Burn After Reading

D. Lore

Even sound can be captured now. Not even speech can dodge immortality.

Words have lost their intimacy.

Once there were more perquisites to how they could be exchanged. Sharing them required the presence and attention of others. They were passed between individuals in one another’s presence.

They only existed there and then.

Those individuals walked away from one another, the only living records of what had passed. Your history was as good as what people remembered of it. Your mistakes and triumphs as good or bad as you thought, and as others thought.

Creating history was a collaborative effort, and a changeable one. It was only as good as the people involved.

Possibly in the name of truth, we invented writing. Language became a visual experience. Words became things we could see. They had lifespans as long as their mediums, and could be shared between whoever could read them. Thought broke the sound barrier. It could reach wherever.

Writing expanded. Mediums became more permanent, and more easily disseminated. Geography shrunk. Translation technology expanded. Words were no longer anything private.
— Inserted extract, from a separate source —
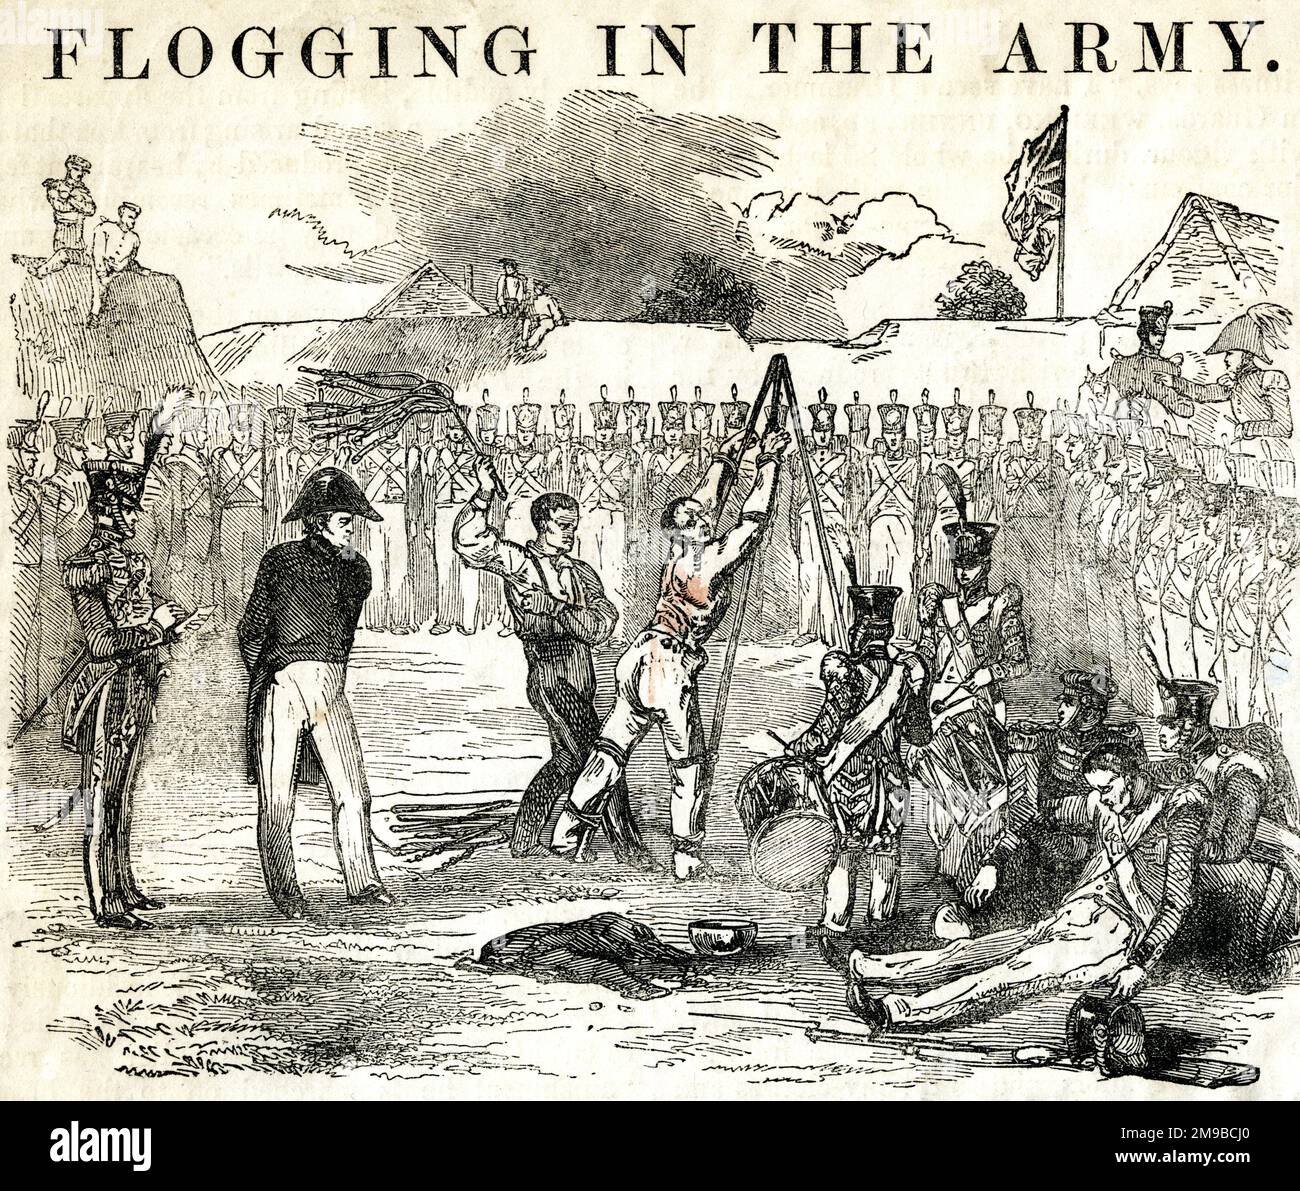 Flogging of troops by the British Army in India - scene at the Spur Battery, Chatham Lines, where the regiment and sometimes the whole garrison is drawn up in the form of a square, to witness the prisoner, stripped to the waist and pinioned to the triangle, being lashed with a cat of nine tails by several drummers in succession. The drum major on the left has the job of counting the number of lashes. A soldier on the right has fainted at the sight. Stock Photo

Sound became something we could capture. Voices could be preserved, broadcast, and eventually recreated. Speech no longer required presence. Communication as a whole no longer required the human person’s presence.

Thoughts became tangible. They became objects. They became distant from their creators. They became detached from their original value entirely — they no longer need convey a perspective. They no longer need to travel from person to person. Words live forever, and can live and die without people.